Burevestnik Central Scientific Research Institute
- Company type: Open Joint Stock Company
- Industry: Arms industry
- Headquarters: Nizhniy Novgorod, Russia
- Products: Artillery, Howitzers, Self-propelled artillery, Naval artillery, Mortars, Remote weapon stations, Turrets, Autocannons, Armored vehicles
- Parent: Uralvagonzavod
- Website: burevestnik.com

= Burevestnik Central Scientific Research Institute =

Company based in Nizhniy Novgorod, Russia

JSC CRI Central Scientific Research Institute Burevestnik (Центральный научно-исследовательский институт «Буревестник») is a Russian arms industry company based in Nizhniy Novgorod, Russia. It is part of Uralvagonzavod.

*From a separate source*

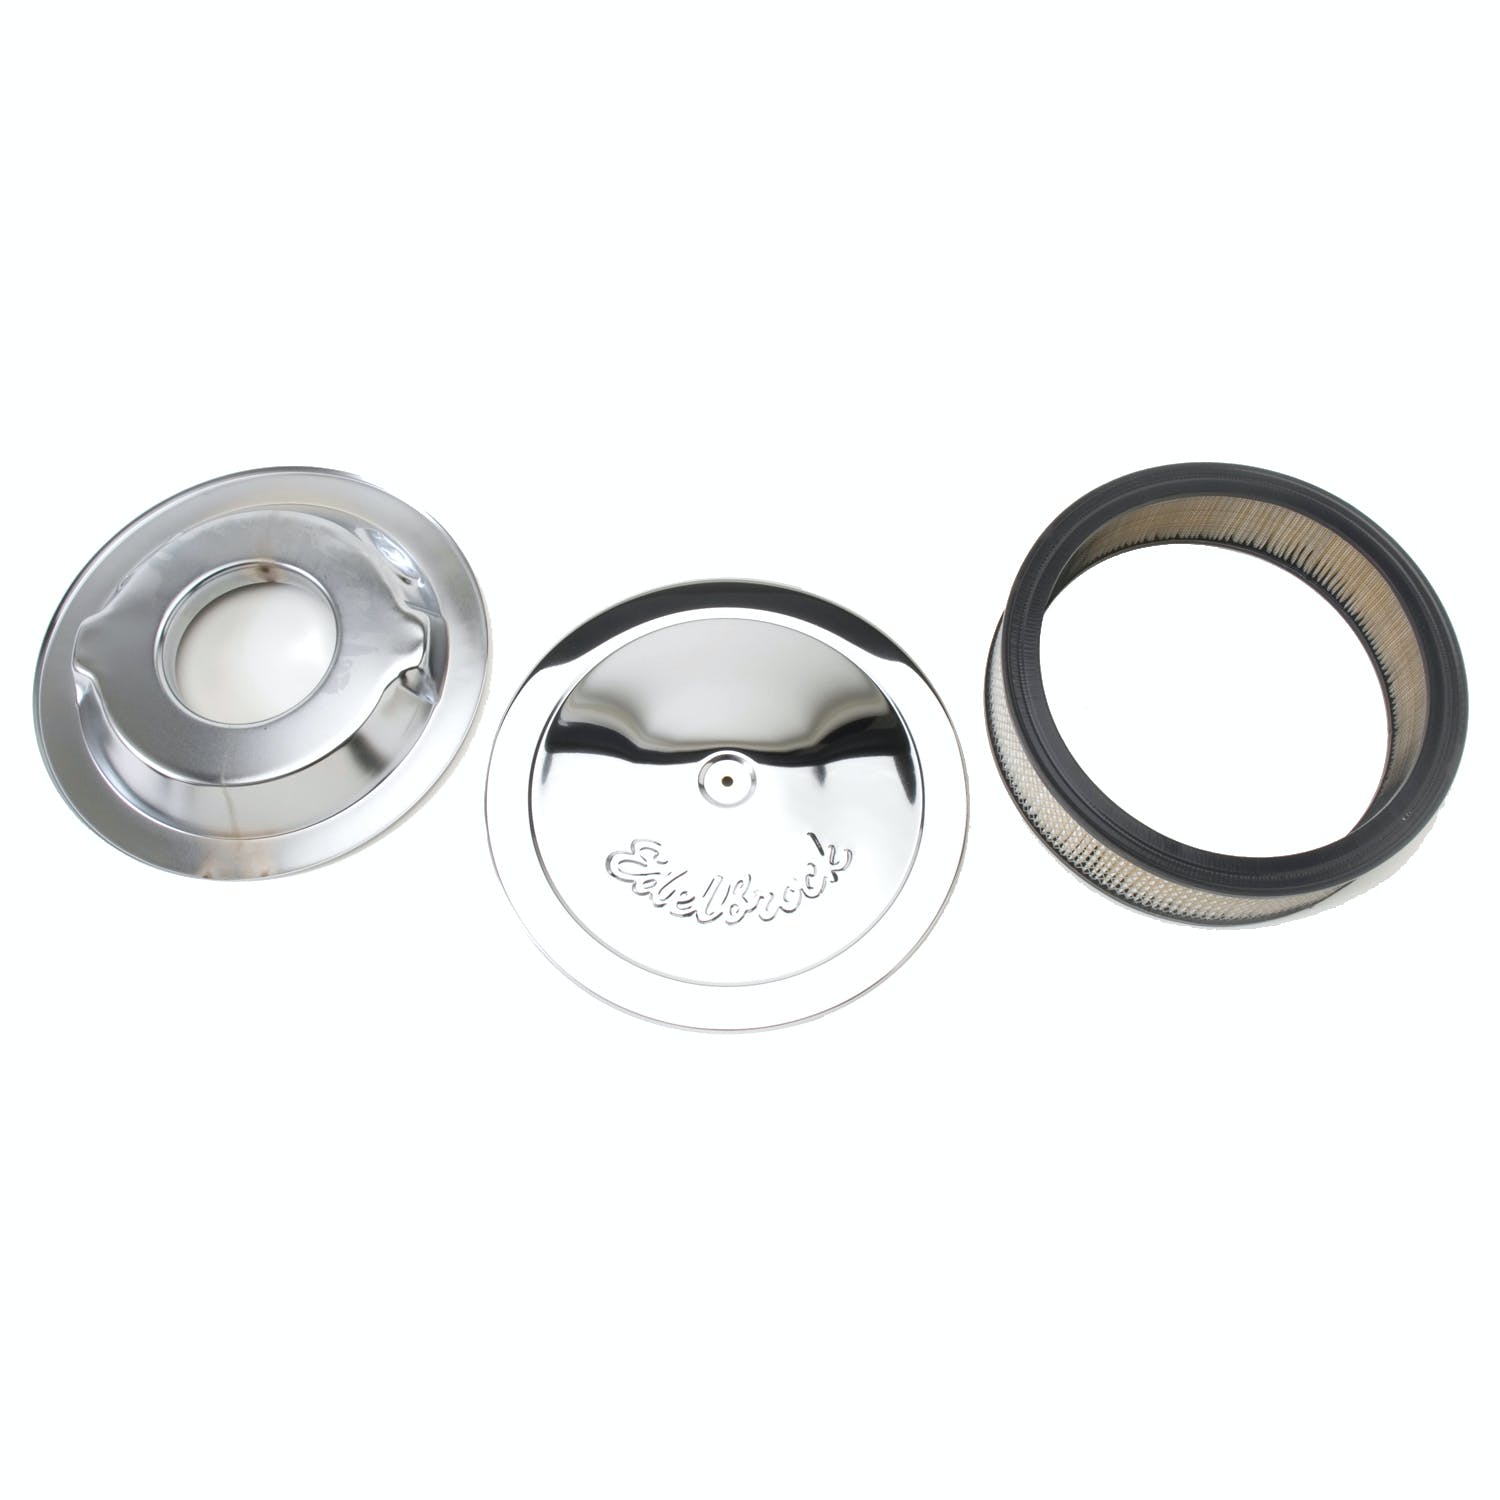 Edelbrock 1221 Pro-Flo Chrome 14 Round Air Cleaner with 3 Paper Element (Deep Flange)

Burevestnik is a major designer of artillery systems. Seventy percent of Burevestnik's work reportedly is now civil, with priority interest in the fields of ecology, agriculture, and the processing and preservation of agricultural produce. Burevestnik designed the 2S35 Koalitsiya-SV self-propelled gun, first unveiled during the 2015 Moscow Victory Day Parade. Burevestnik also designed the 2S39 Magnolia, a self-propelled artillery gun, which uses the DT-30 Vityaz chassis.